Russian dramatist and actor (1805–1879)

Pyotr Andreyevich Karatygin (Пётр Андреевич Каратыгин, 11 July 1805, Saint Petersburg, Russian Empire – 6 October 1879, Saint Petersburg, Russian Empire) was a Russian dramatist and actor. The tragic actor Vasily Karatygin (1802–1853) was his brother.

Karatygin debuted on stage in 1823 and rose to fame performing in Alexander Griboyedov's Woe from Wit (the parts of Zagoretsky, Repetilov and Chatsky). From 1832 to 1838 he was head of the Drama department in the Saint Petersburg Theatre College, where he discovered and tutored several future Russian stage stars, including Alexander Martynov.

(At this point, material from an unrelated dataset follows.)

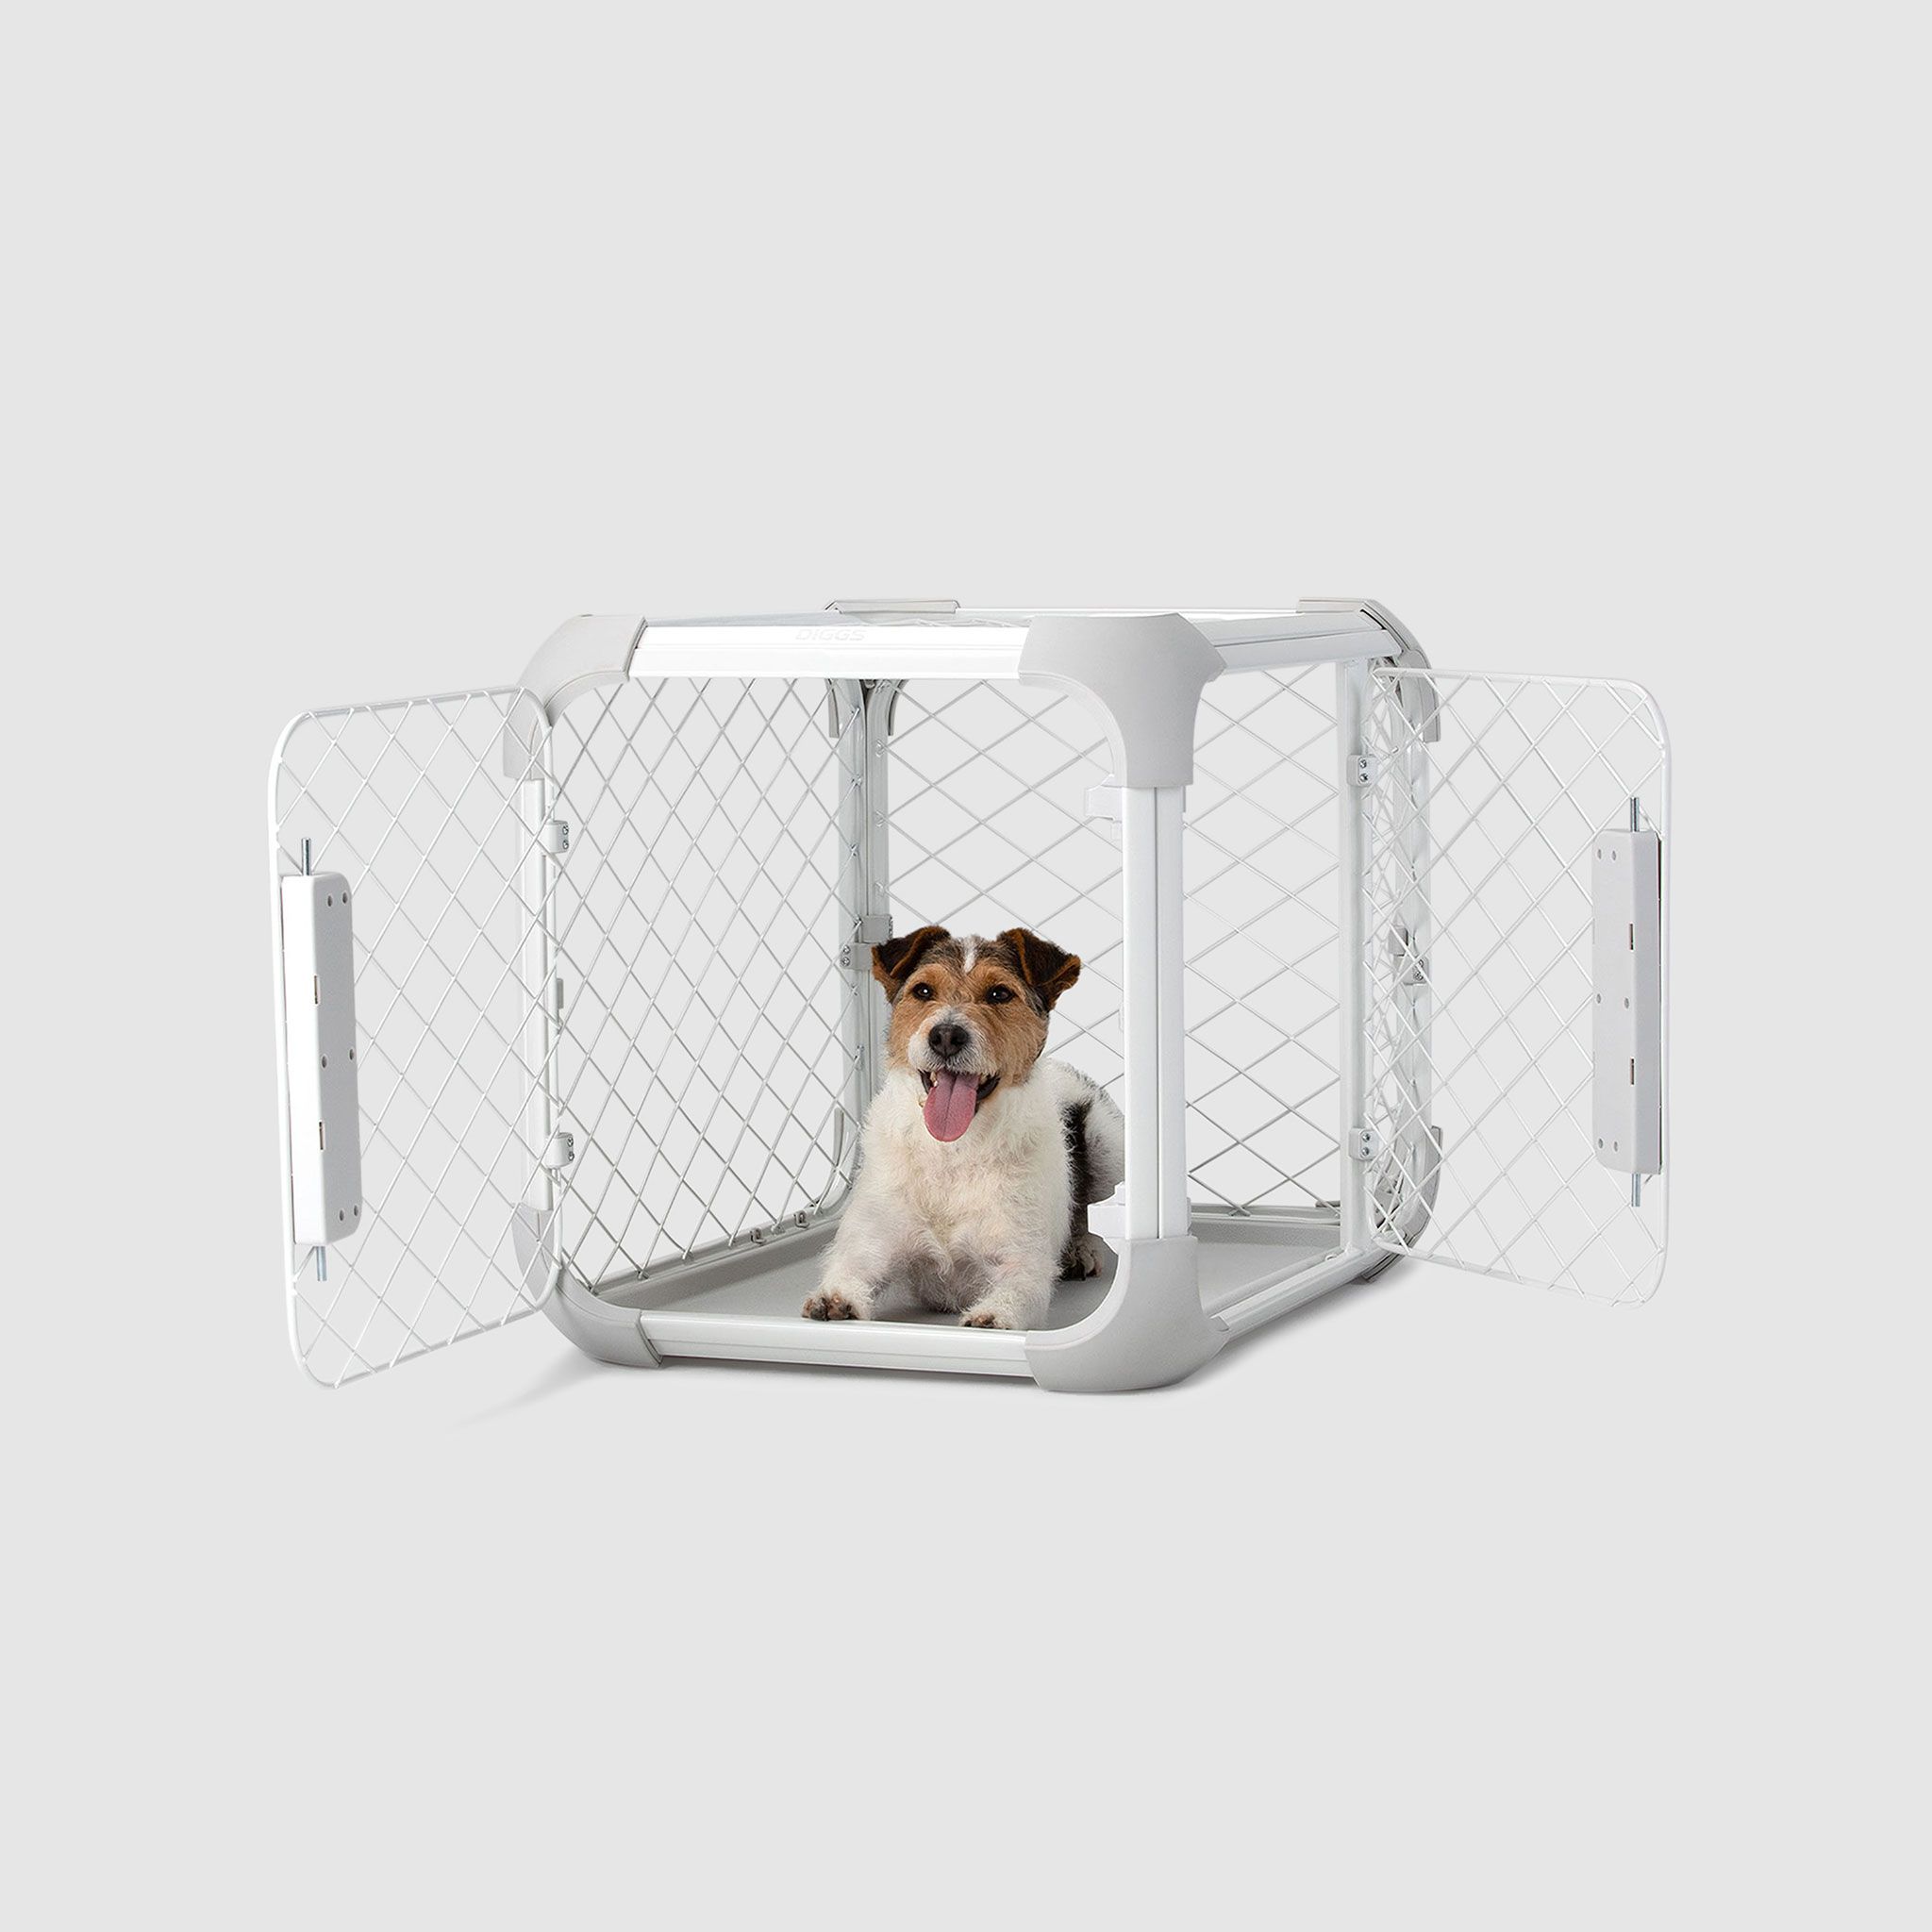 A dog sitting inside of a white dog crate
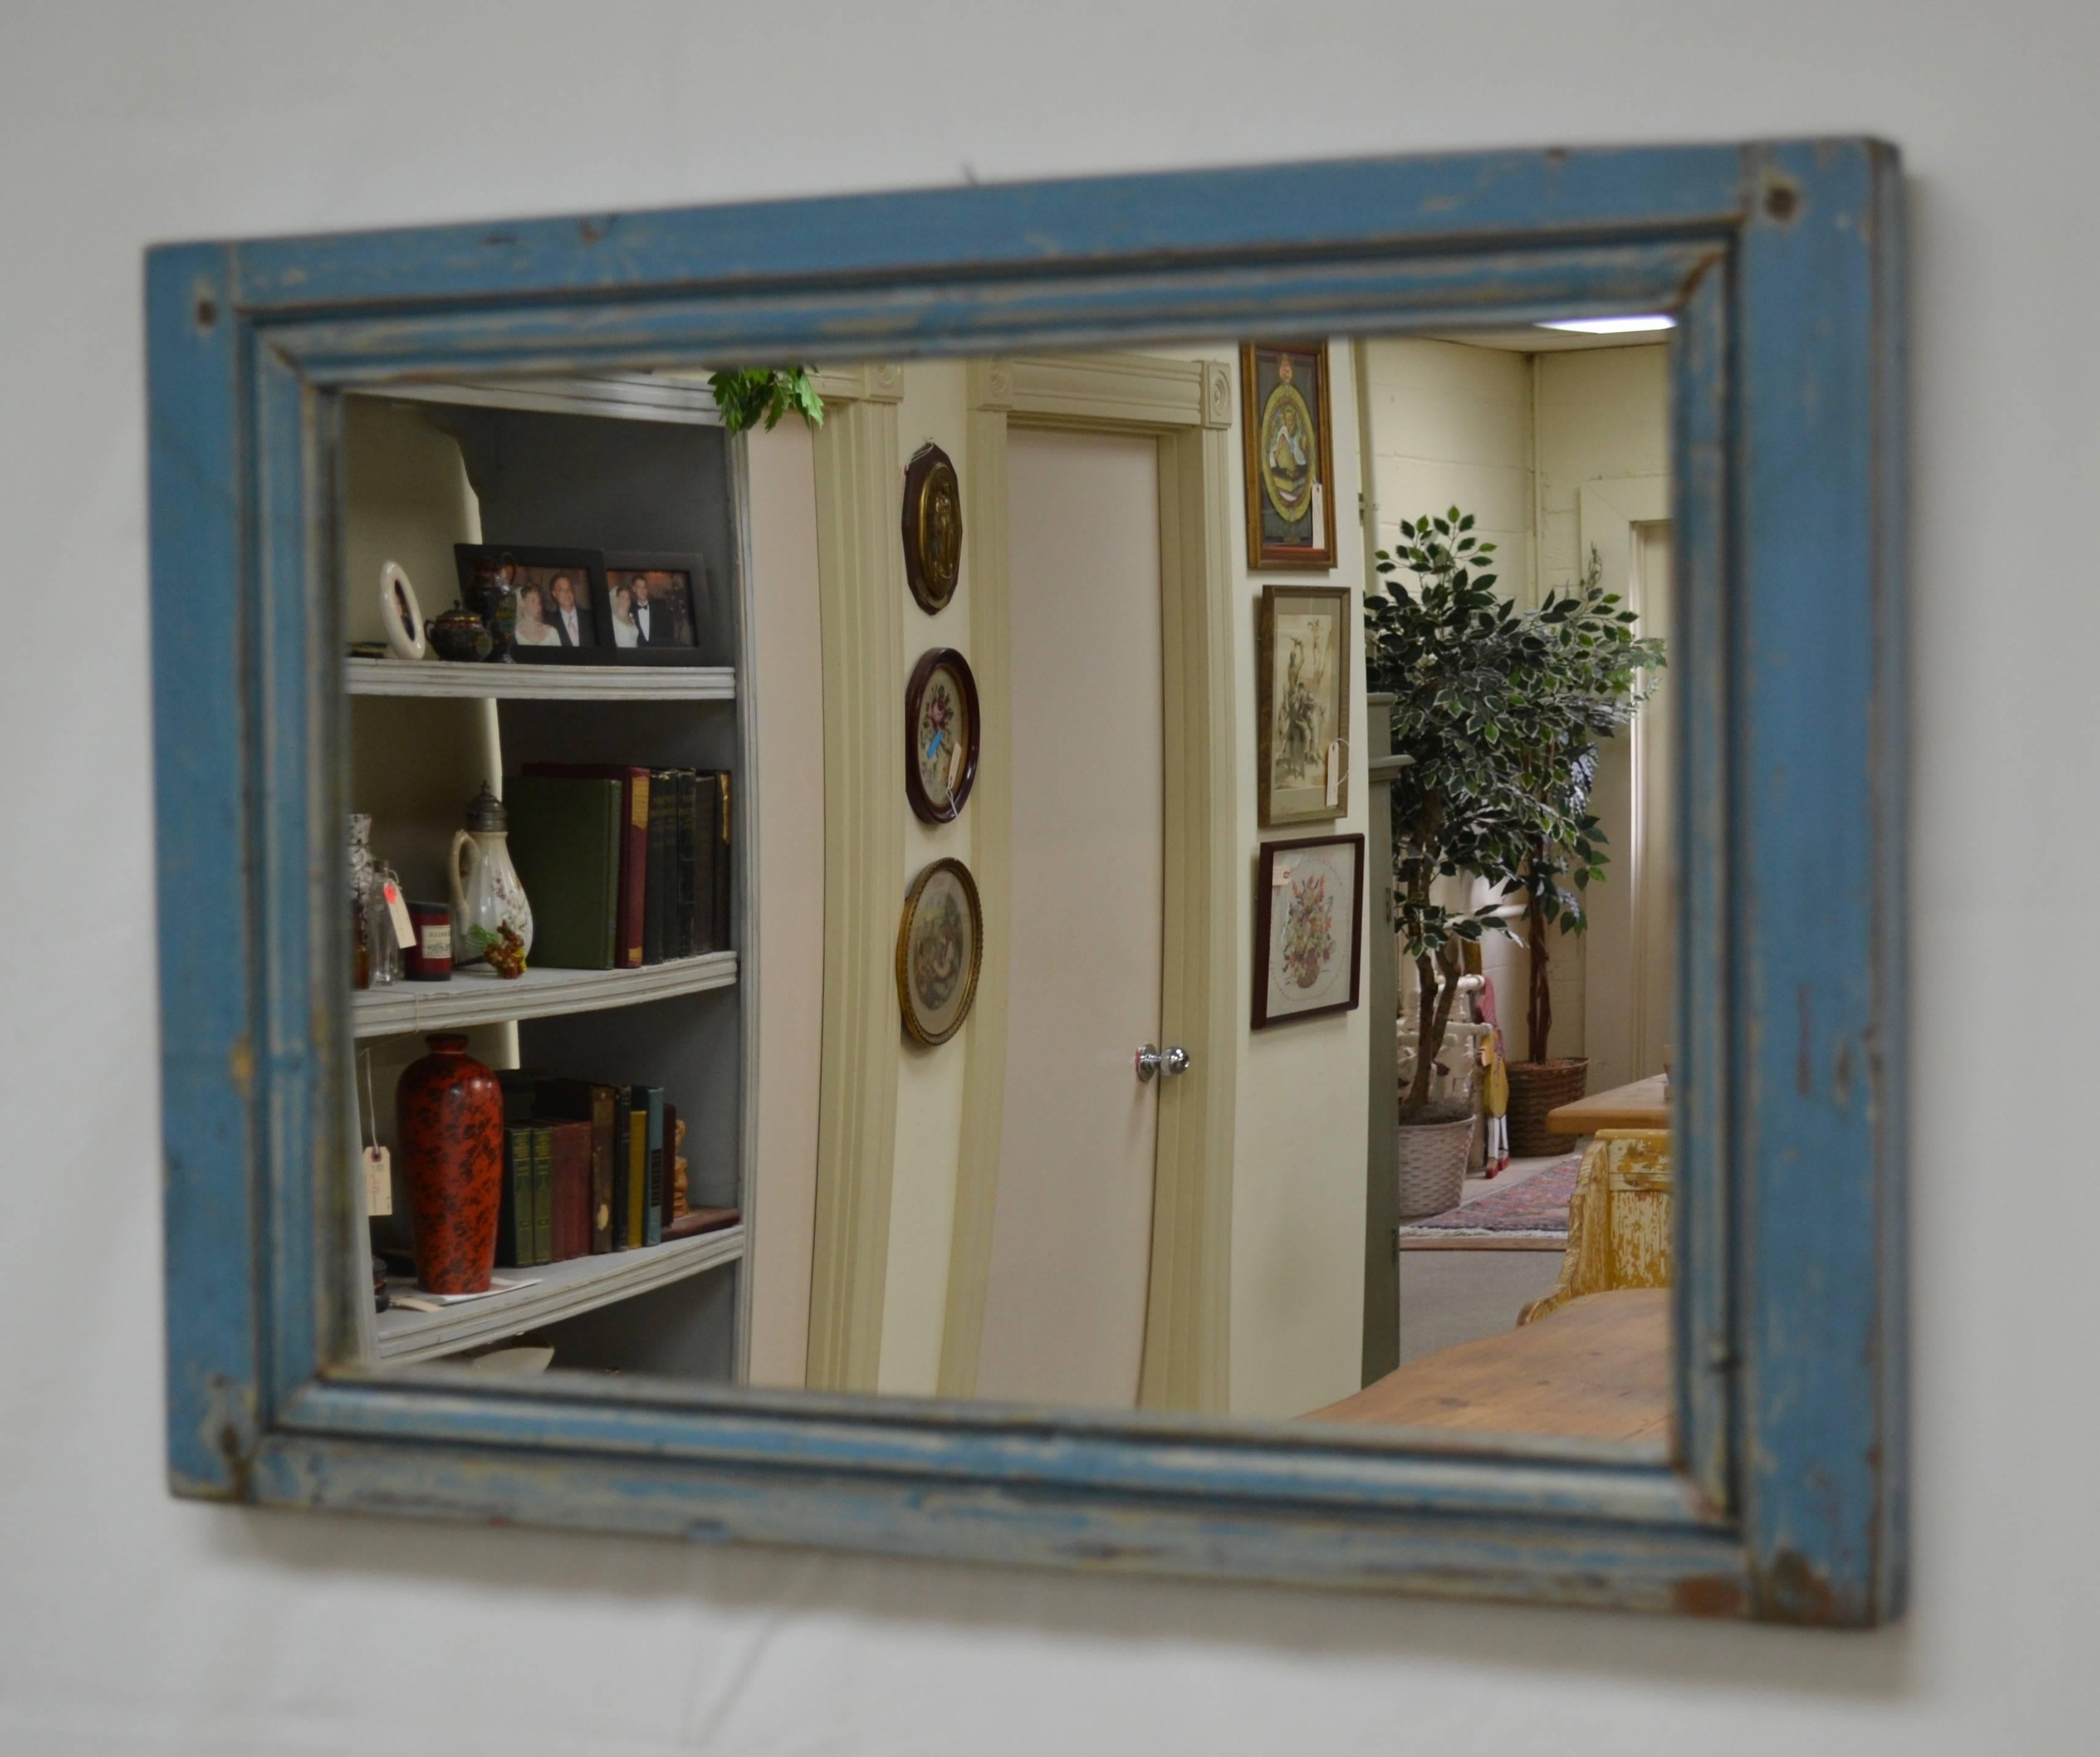 A 19th century pine paneled room in France has yielded a number of small frames in layers of old paint. These are rubbed down and sealed and fitted with new glass to create some interesting and attractive wall mirrors. These are great for a powder

Pyotr Karatygin wrote 68 plays, 53 of them vaudevilles, mostly elaborate variations on foreign plays and Russian novels. In the 1860s and 1870s he wrote a series of short memoirs on the history of the Russian theatre. Edited and previewed by his son, Pyotr Karatygin's Notes were serialized by Russkaya Starina in 1872–1879, to much critical acclaim.

==Literature==
- Belyaev, M. The History of the Old Russian Vaudeville. The Jubilee Collection, Leningrad, 1925.
- Uspensky, V. The Classic Russian Vaudeville. 1959.
- Smirnov-Sokolsky, N. Pyotr Karatygin's Notebook. Kniga Publishers, 1983.